**WORK REQUEST**
Repeat the listing that follows, character for character, minus the pictures.

**SUPPLIED DATA**
::::
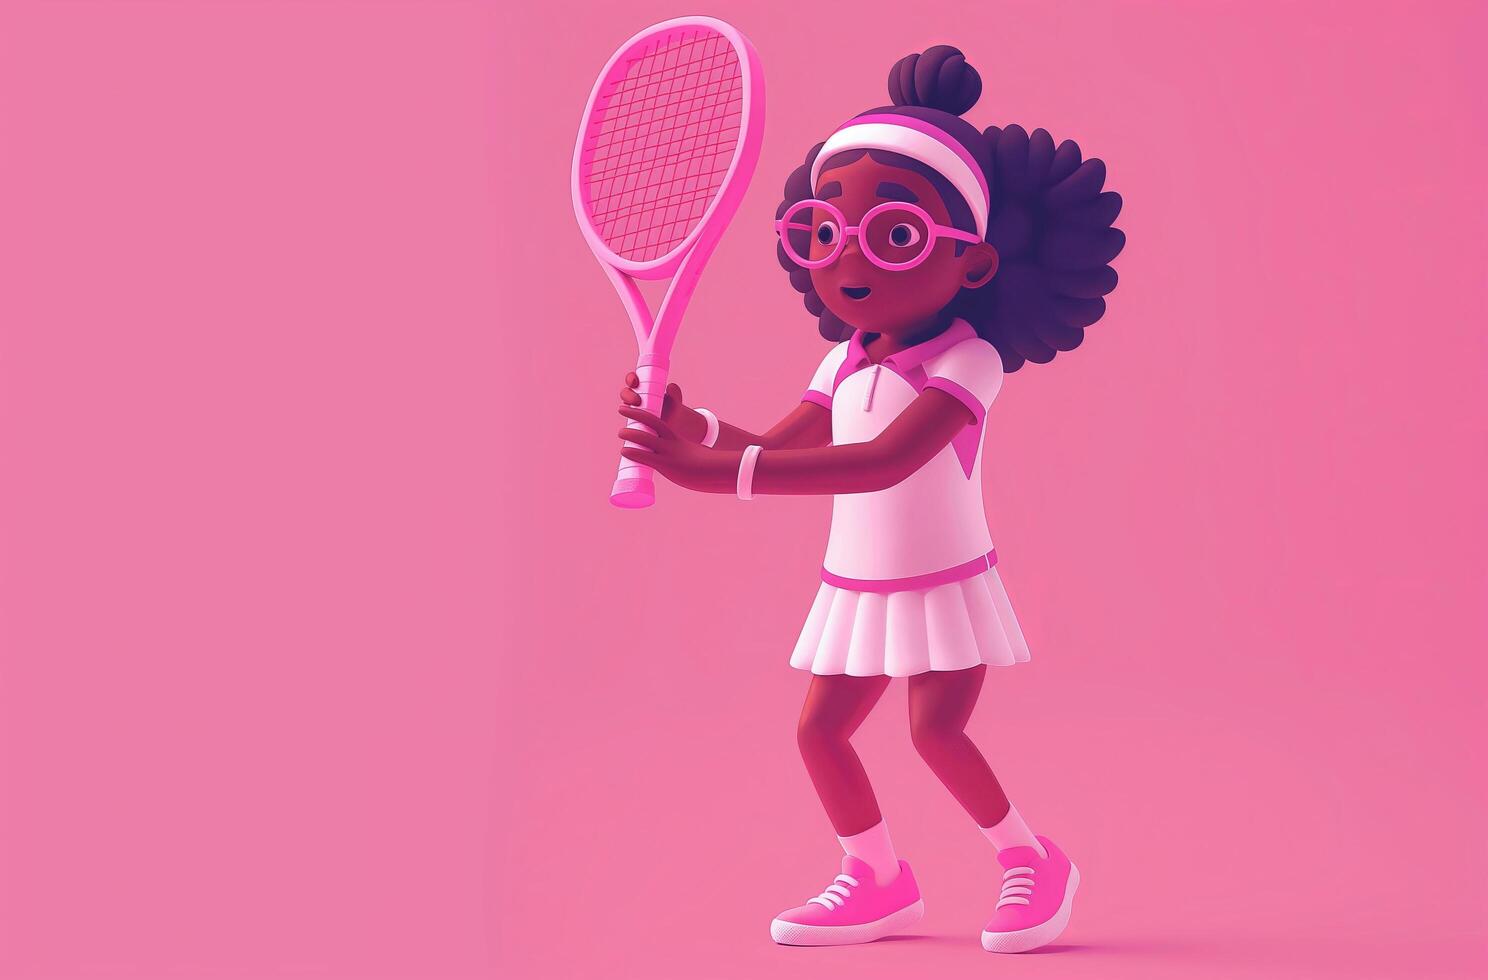 Animé tennis joueur enfant photo
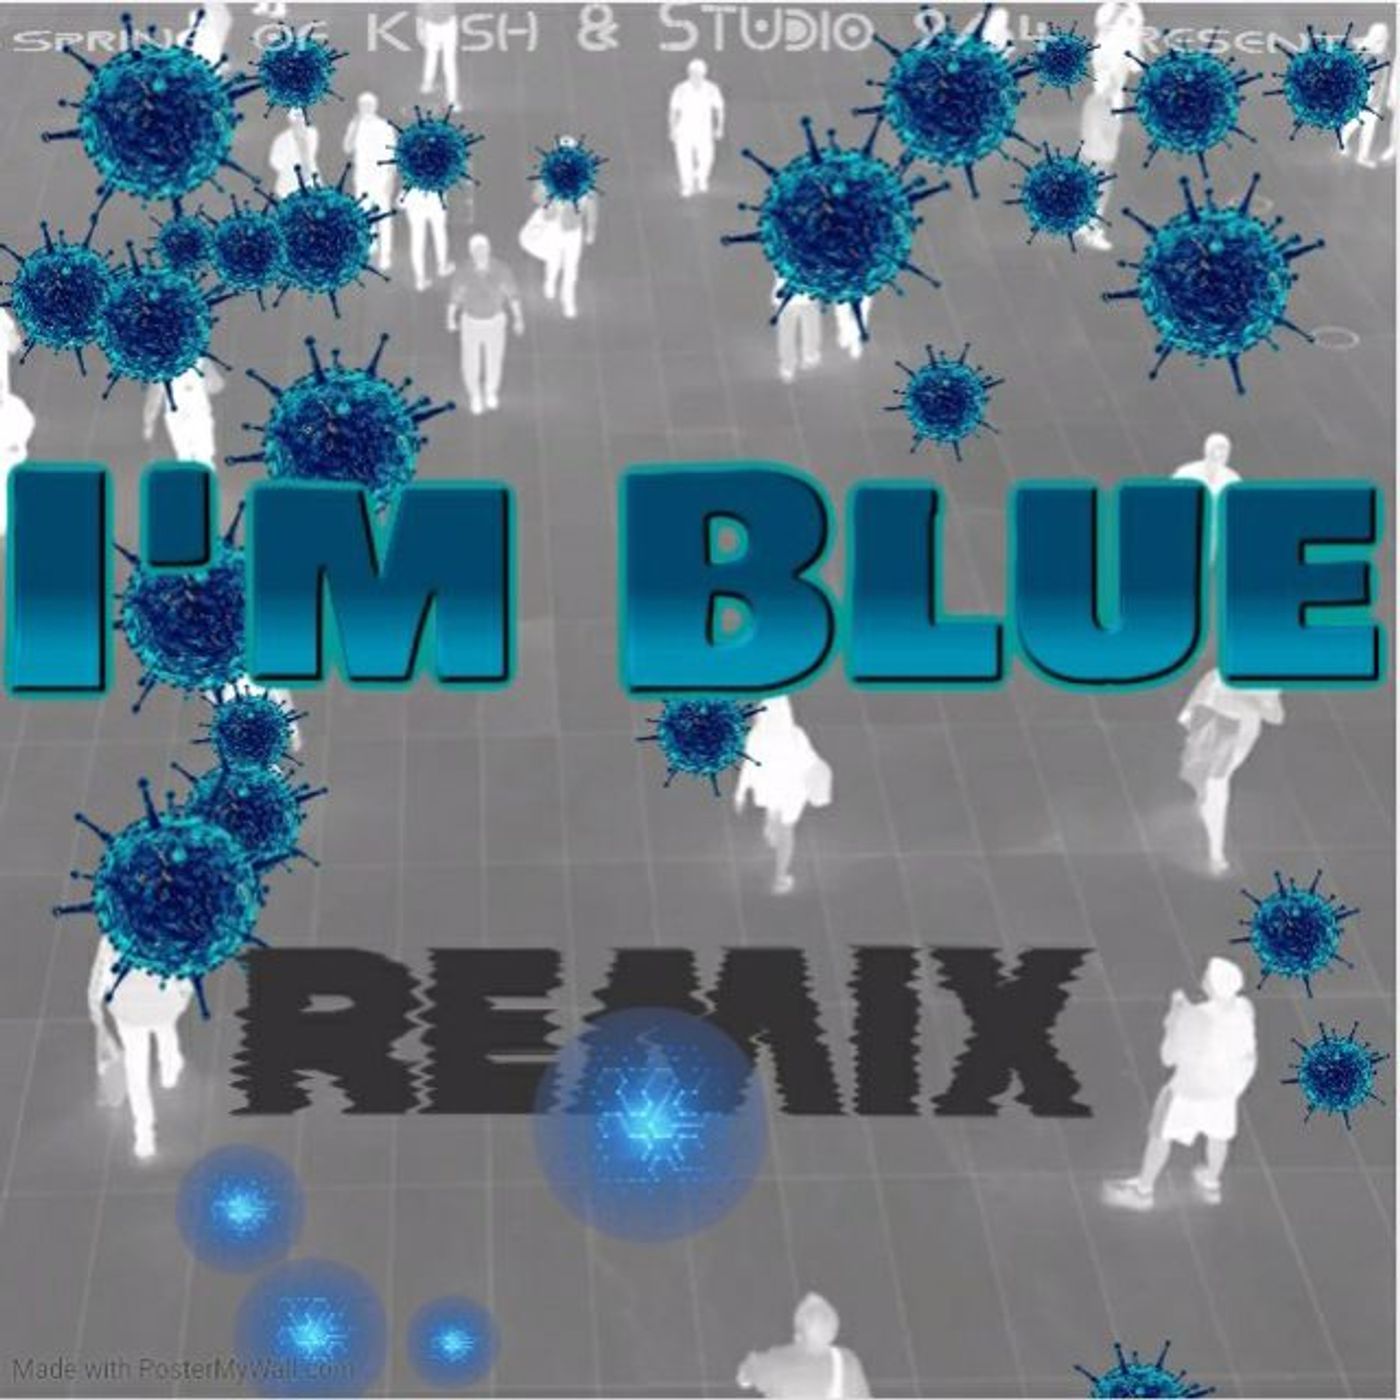 Spring of Kush - I'm Blue Rmx  (mastered)
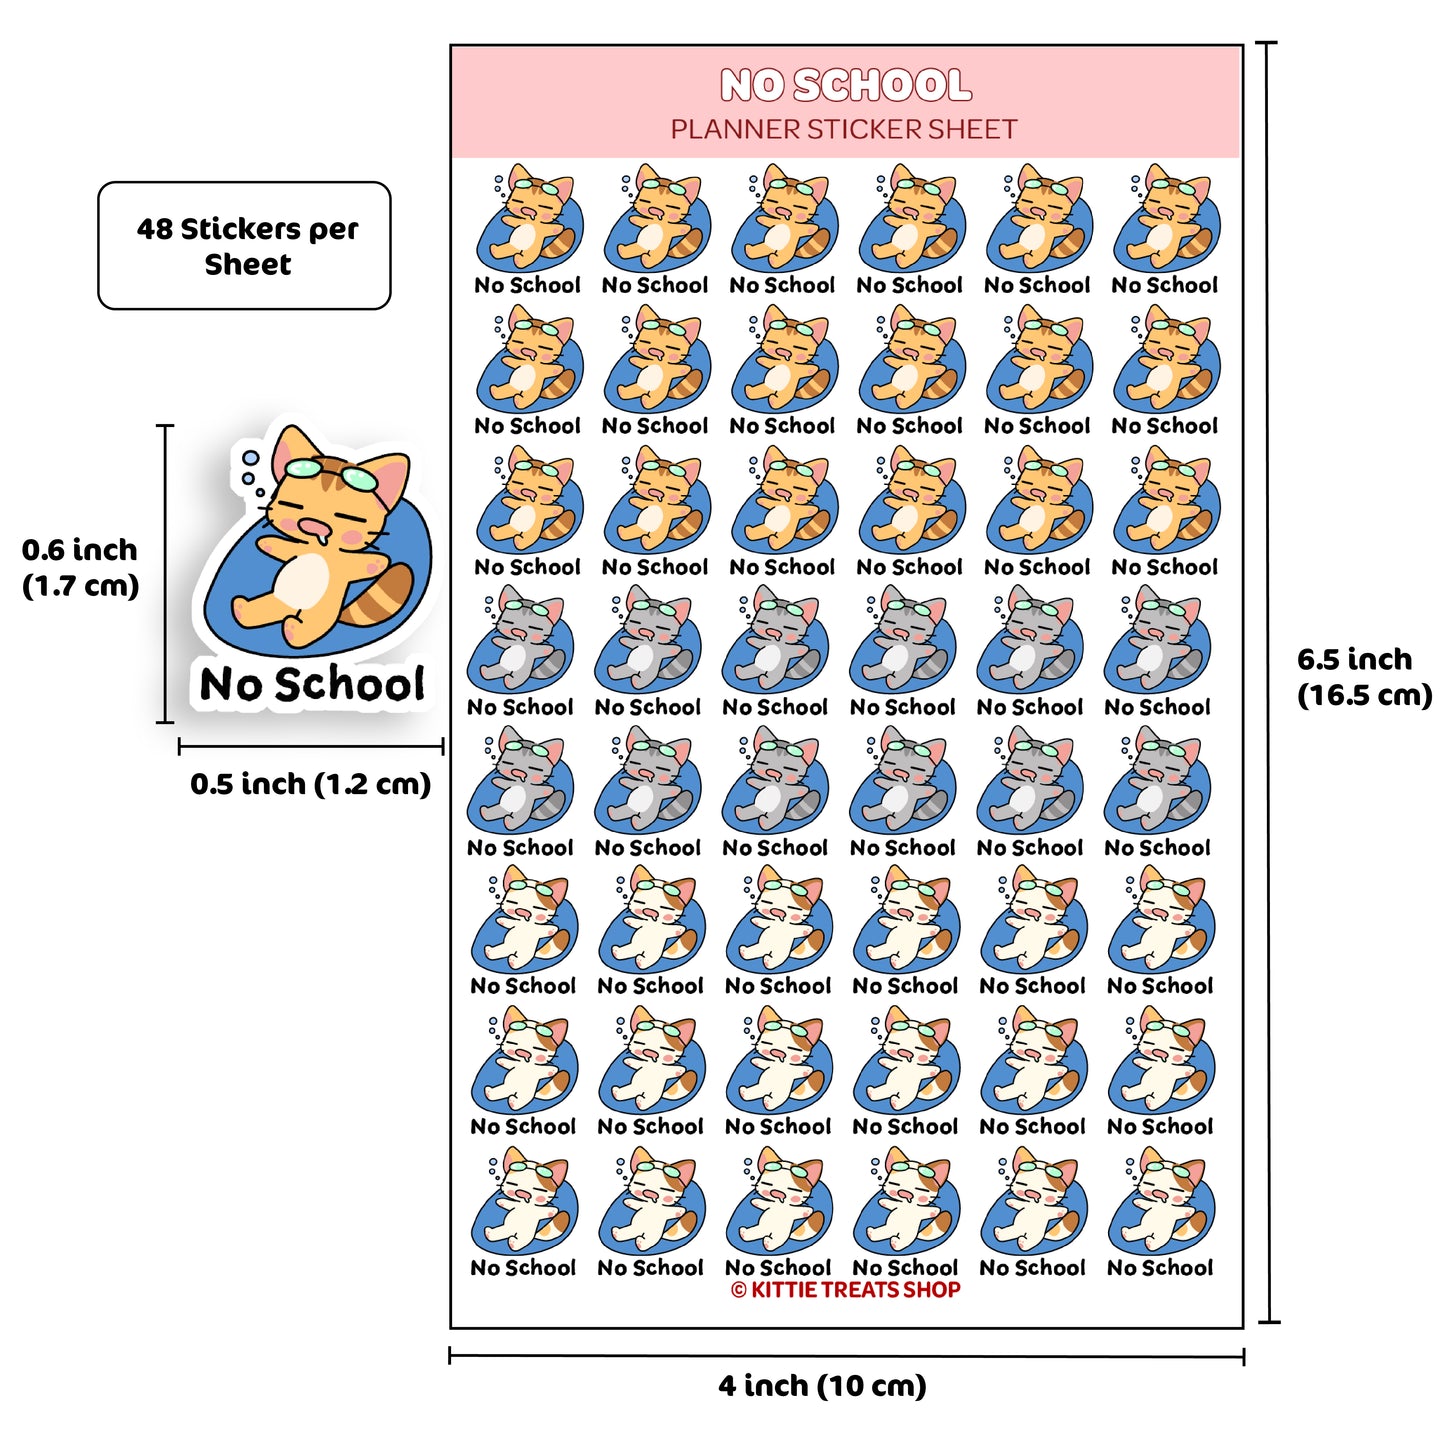 No School Planner Sticker Sheet
::::
**PROBLEM SOLUTION**
 Animé tennis joueur enfant photo
 Spring of Kush - I'm Blue Rmx  (mastered)
 No School Planner Sticker Sheet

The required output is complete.